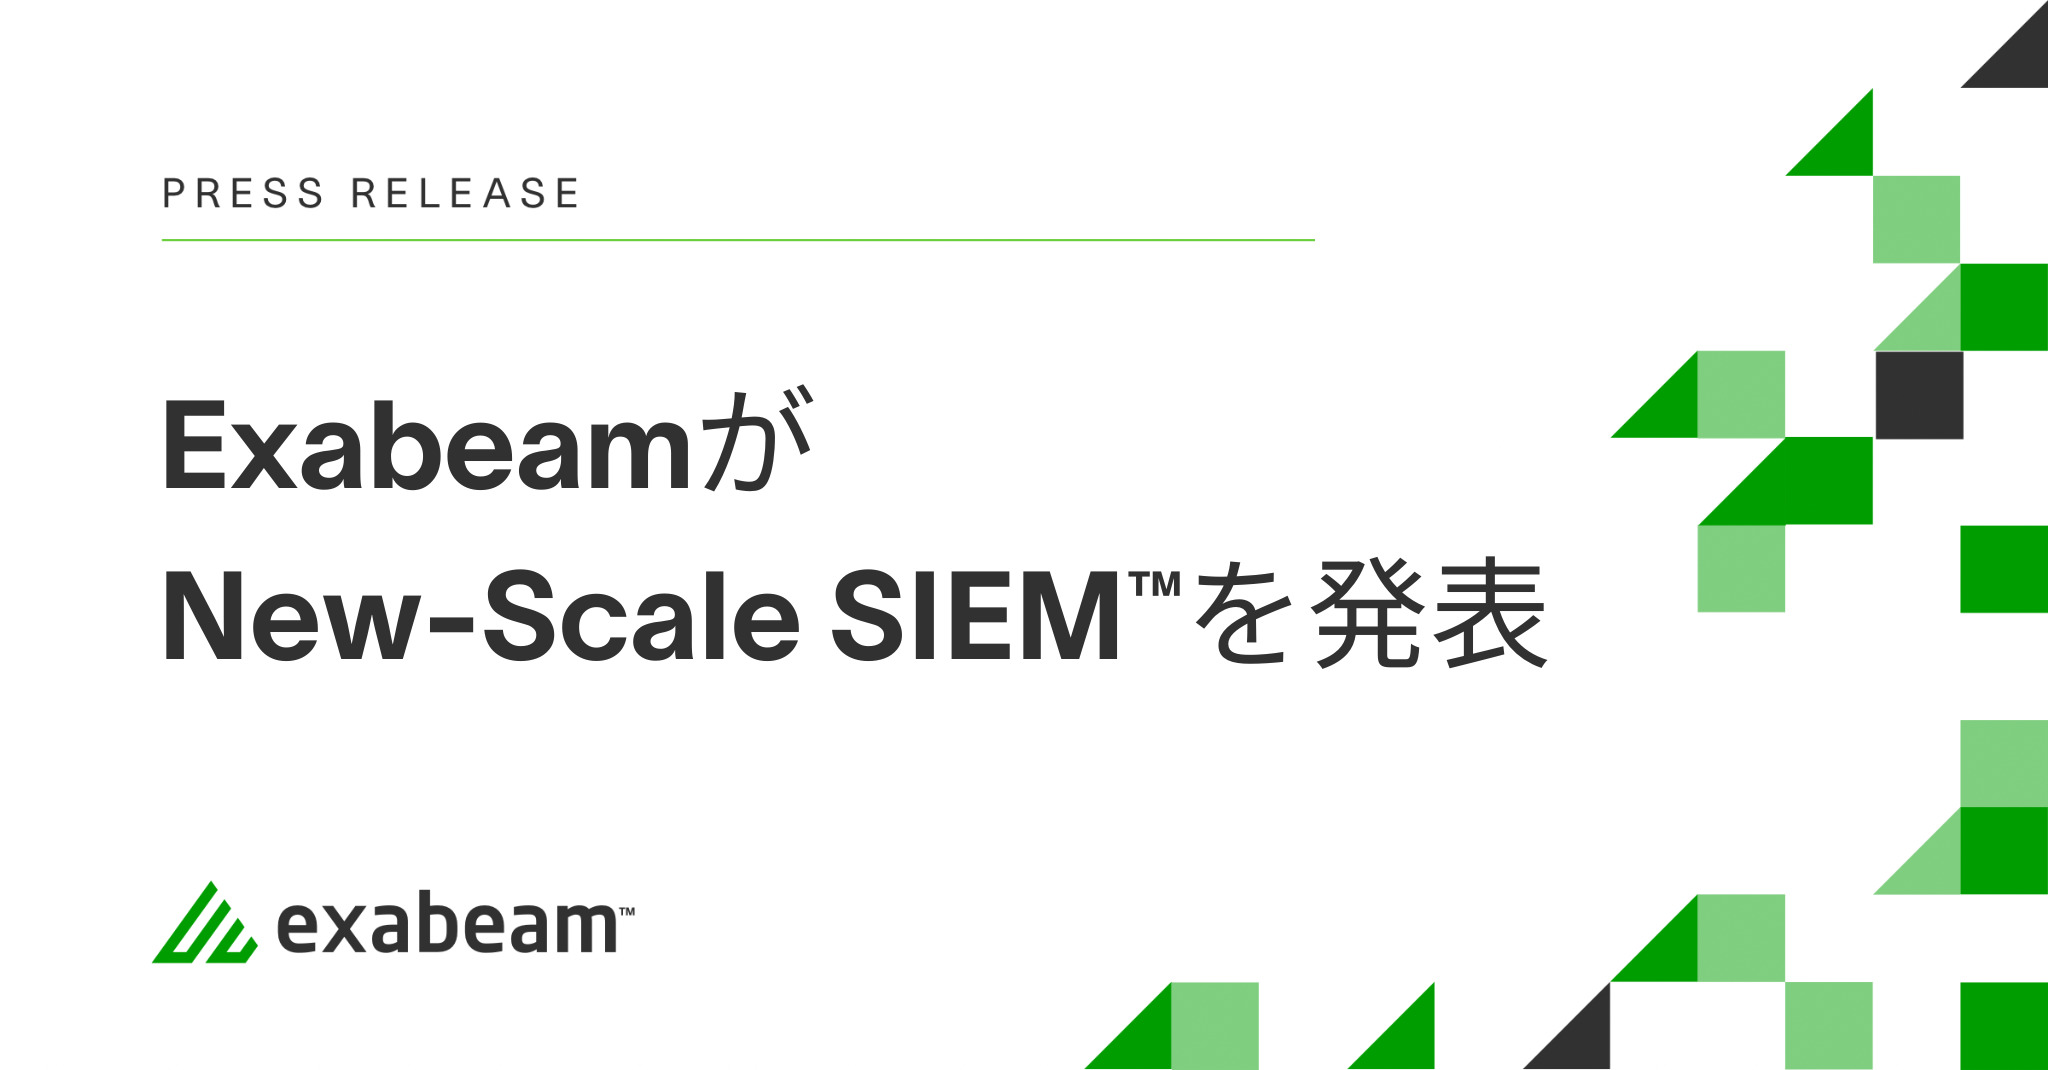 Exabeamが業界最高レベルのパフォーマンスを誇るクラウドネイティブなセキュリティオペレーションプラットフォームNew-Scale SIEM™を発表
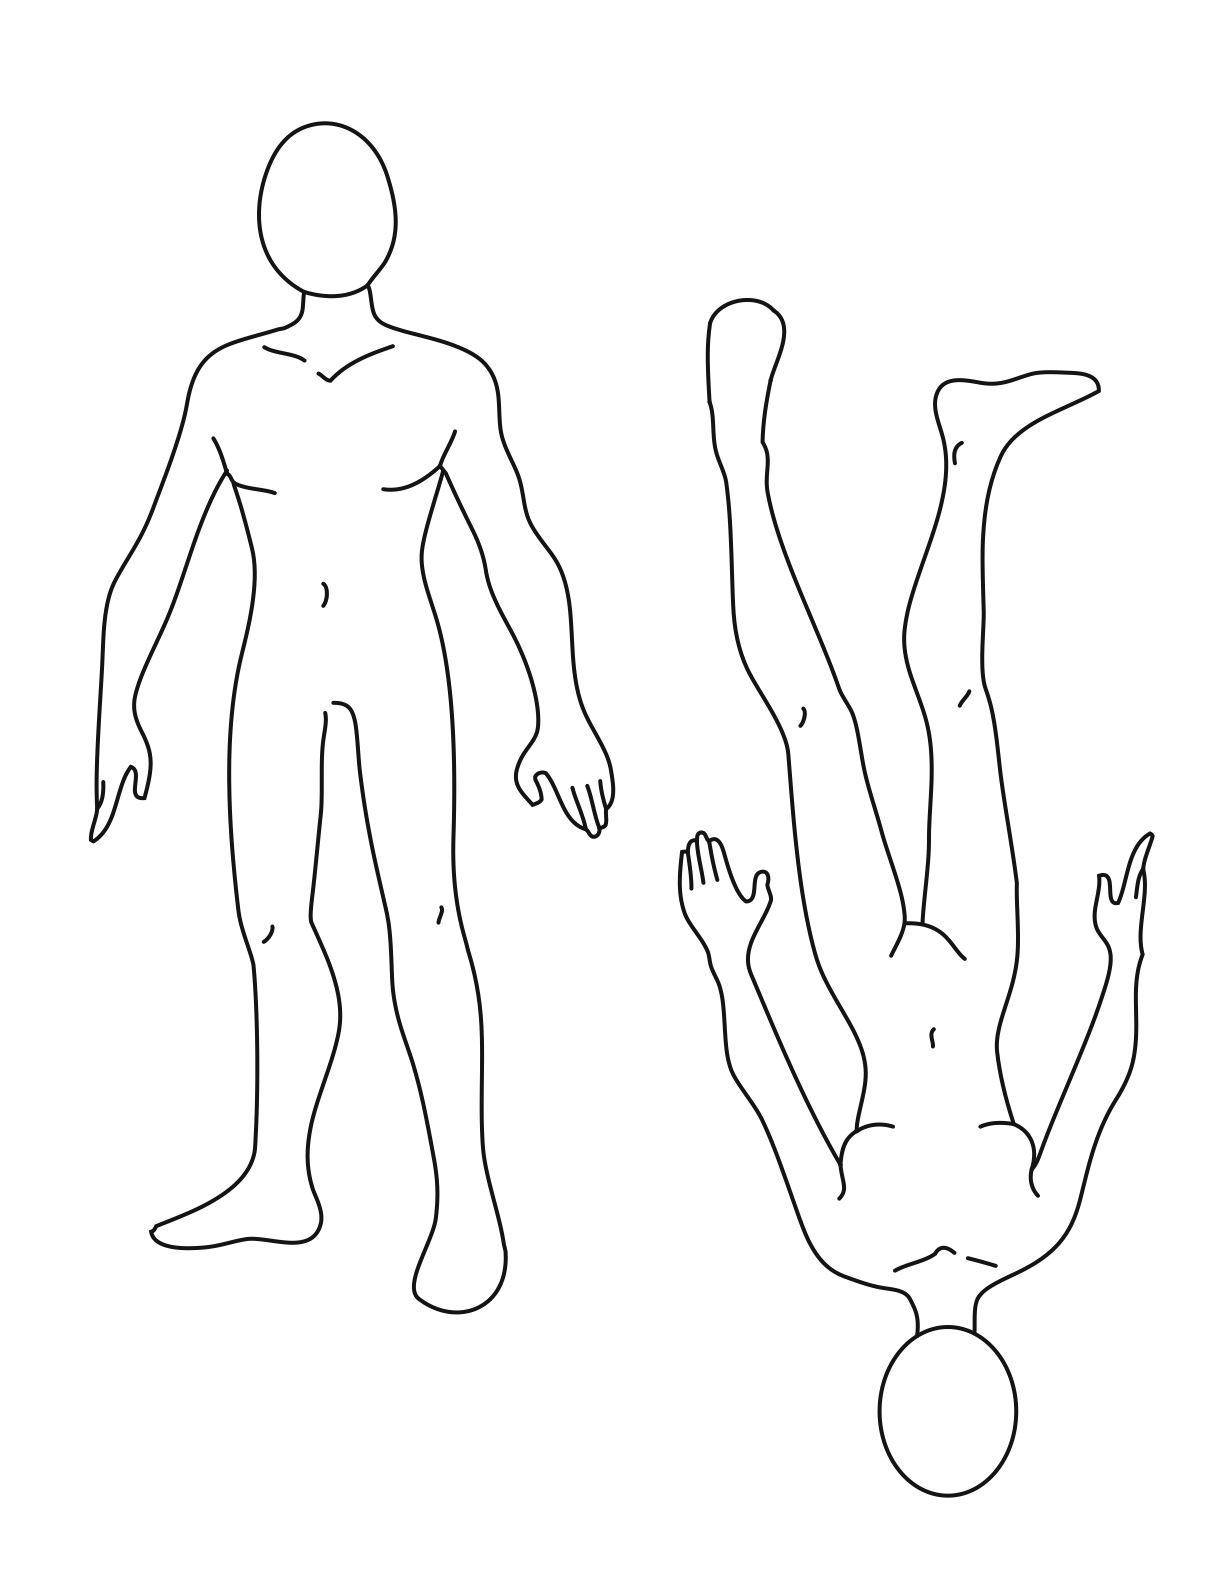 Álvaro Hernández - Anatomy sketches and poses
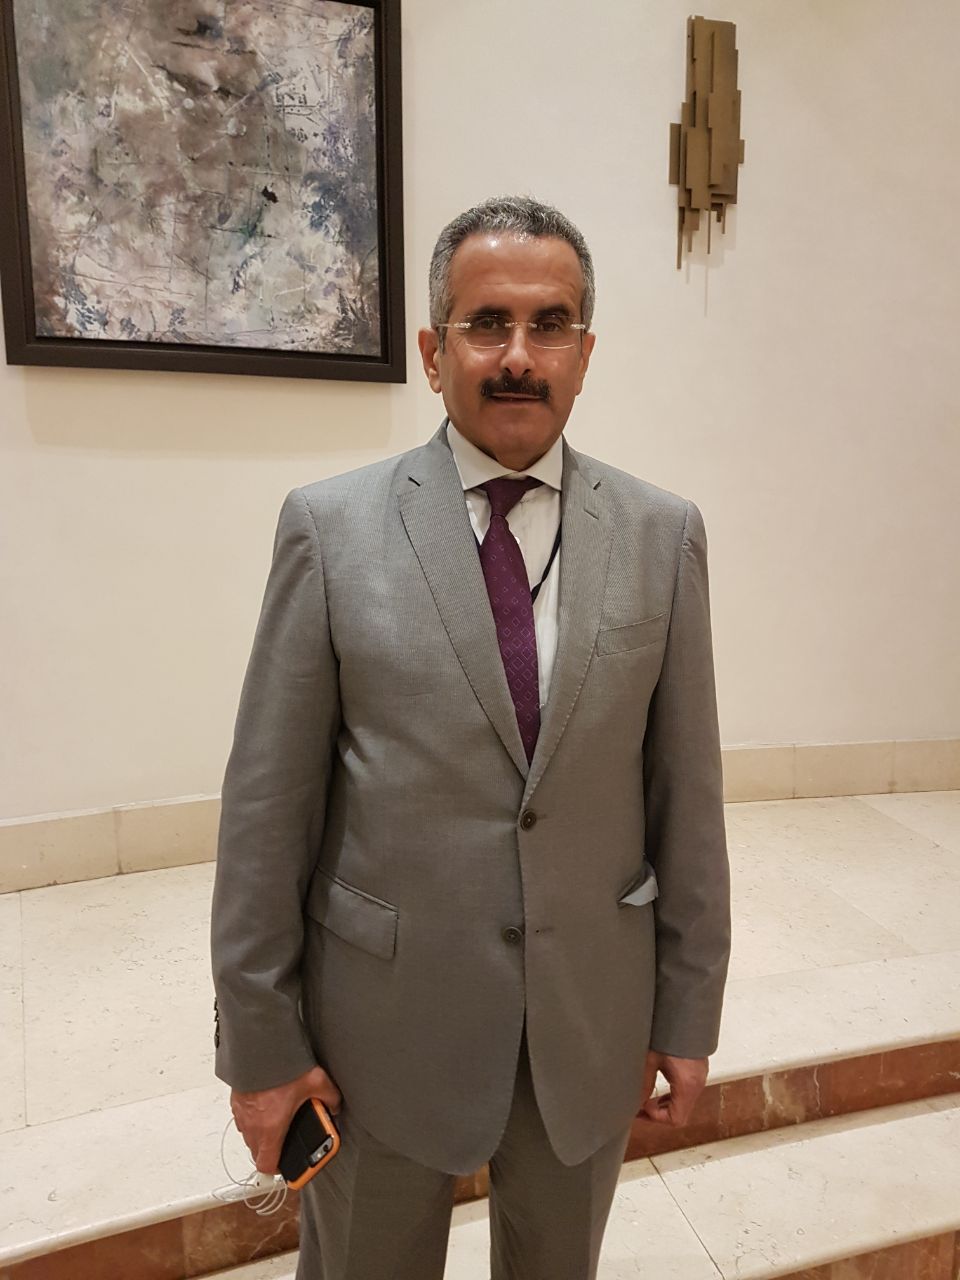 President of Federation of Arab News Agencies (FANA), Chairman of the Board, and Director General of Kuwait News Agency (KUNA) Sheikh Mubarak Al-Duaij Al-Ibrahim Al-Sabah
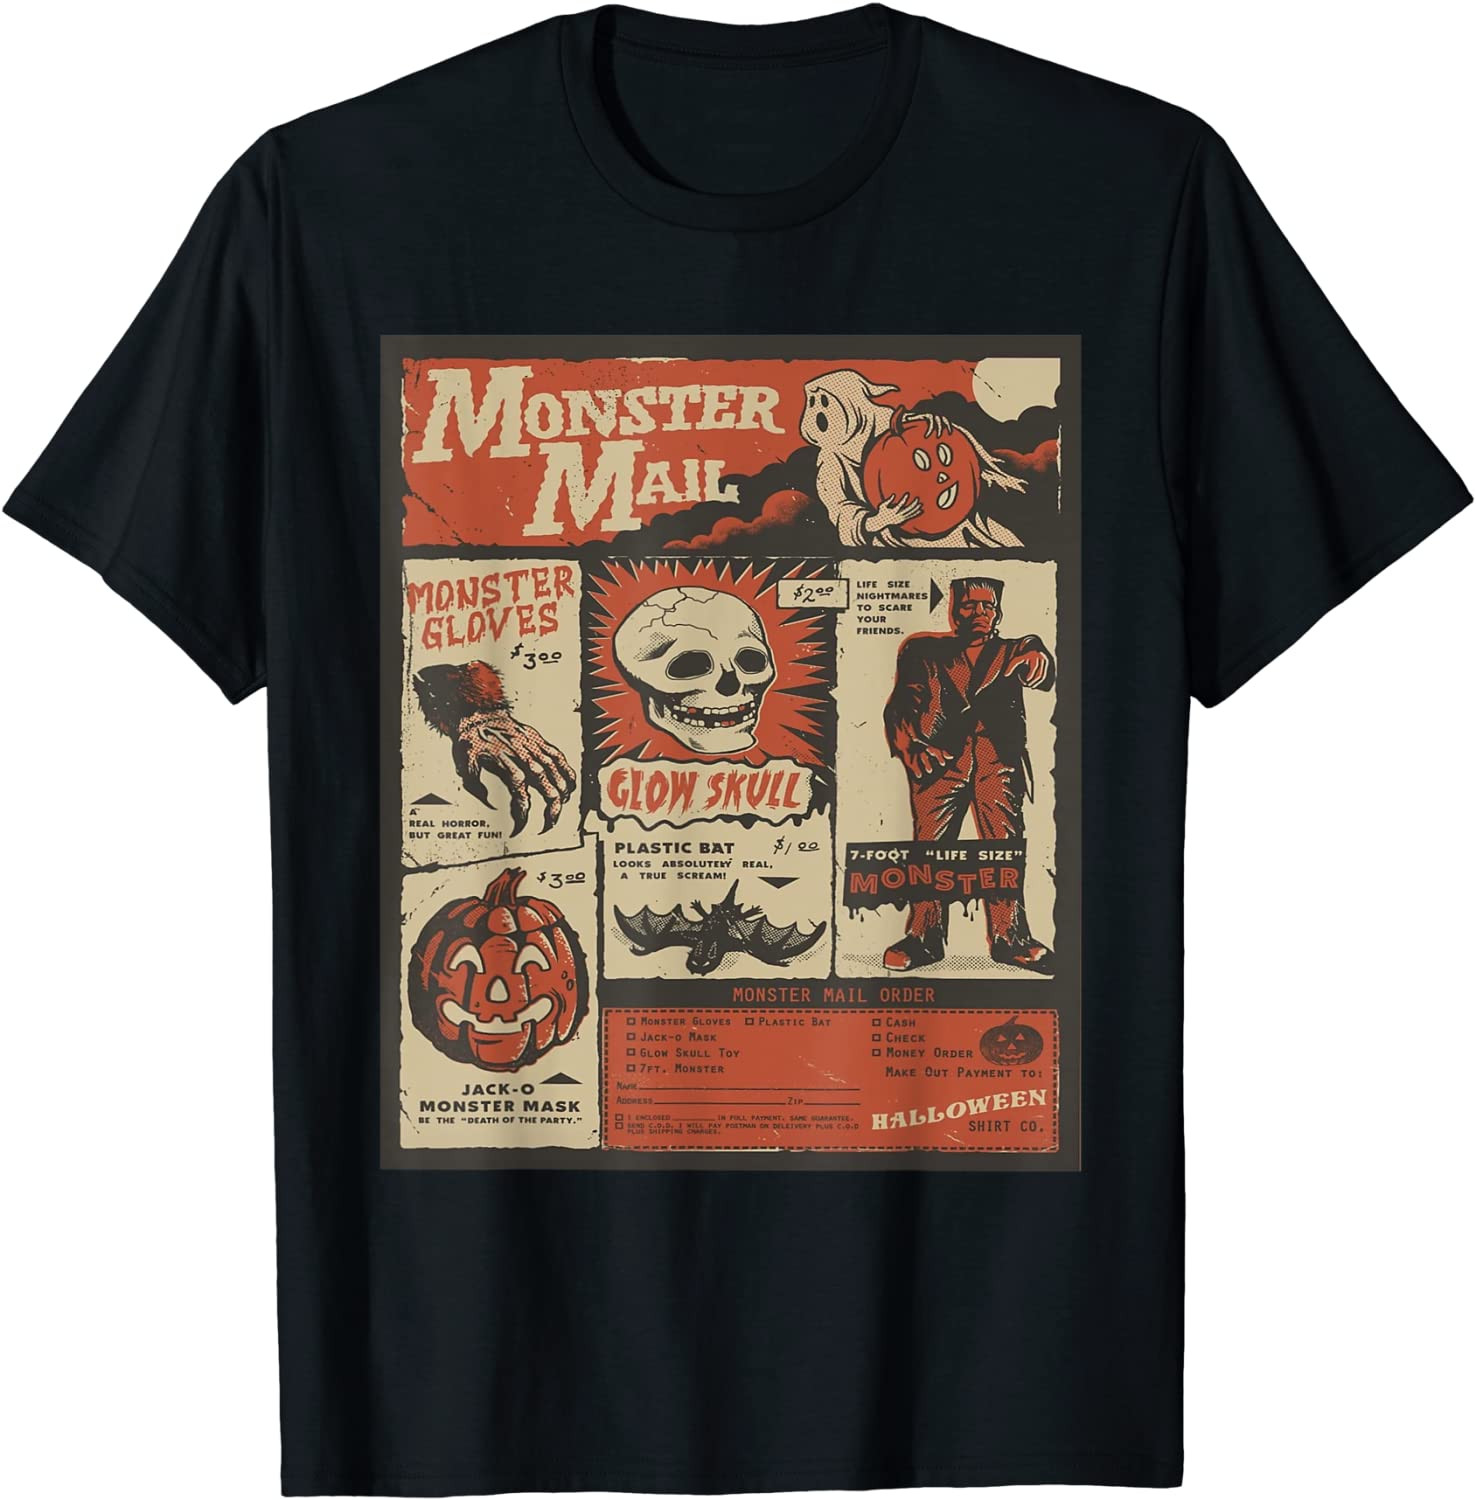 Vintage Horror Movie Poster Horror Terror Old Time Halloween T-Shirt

TASK TO COMPLETE
Your task is to reproduce exactly the lines from the start of the data above through the line containing "President of Federation", leaving every picture out.

ANSWER TO THE EXERCISE
 Exabeamが業界最高レベルのパフォーマンスを誇るクラウドネイティブなセキュリティオペレーションプラットフォームNew-Scale SIEM™を発表
 Álvaro Hernández - Anatomy sketches and poses
 President of Federation of Arab News Agencies (FANA), Chairman of the Board, and Director General of Kuwait News Agency (KUNA) Sheikh Mubarak Al-Duaij Al-Ibrahim Al-Sabah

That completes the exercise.